Let $A=\{0,1,2\}$ and $B=\{3,5,7,9\} .$ Let $f=\{(x, y): x \in A, y \in B$ and $y=2 x+3\} .$
Write f as a set of ordered pairs. Show that f is function from A to B. Find dom (f) and range (f).
Given: $A=\{0,1,2\}$ and $B=\{3,5,7,9\}$
$f=\{(x, y): x \in A, y \in B$ and $y=2 x+3\}$
For $x=0$
$y=2 x+3$
$y=2(0)+3$
$y=3 \in B$
For $x=1$
$y=2 x+3$
$y=2(1)+3$
$y=5 \in B$
For $x=2$
$y=2 x+3$
$y=2(2)+3$
$y=7 \in B$
$\therefore f=\{(0,3),(1,5),(2,7)\}$
(0, 5), (0, 7), (0, 9), (1, 3), (1, 7), (1, 9), (2, 3), (2, 5), (2, 9) are not the members of ‘f’ because they are not satisfying the given condition y = 2x + 3
Now, we have to show that f is a function from A to B
Function:
(i) all elements of the first set are associated with the elements of the second set.
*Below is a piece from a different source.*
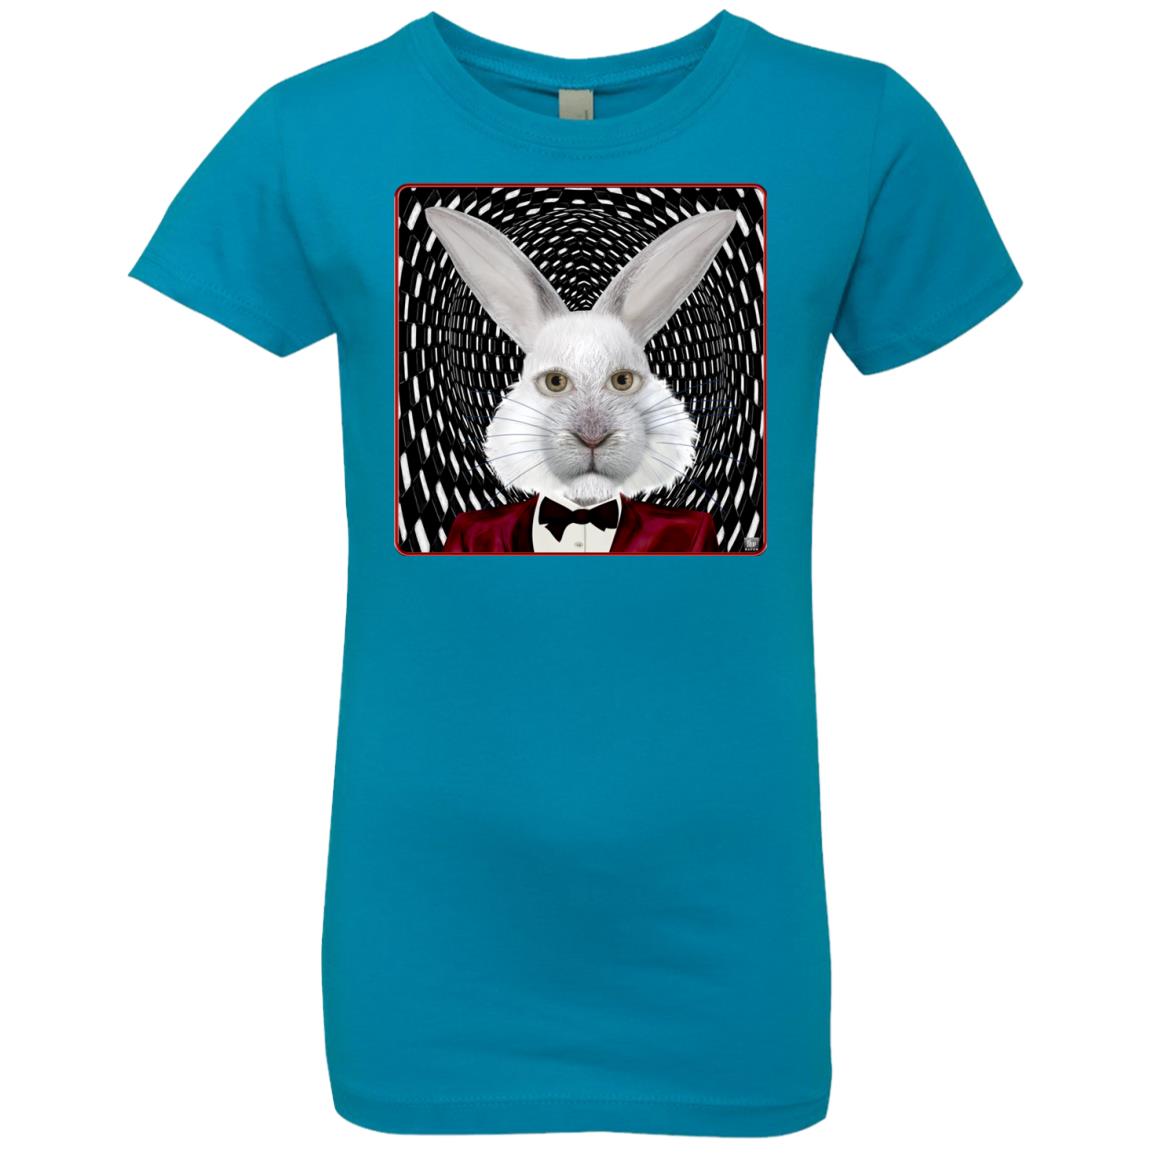 the white rabbit - Girl's Premium Cotton T-Shirt

(ii) An element of the first set has a unique image in the second set.
$f=\{(0,3),(1,5),(2,7)\}$
Here, (i) all elements of set $A$ are associated with an element in set $B$.
(ii) an element of set $A$ is associated with a unique element in set $B$.
$\therefore \mathrm{f}$ is a function.
Dom (f) = 0, 1, 2
Range (f) = 3, 5, 7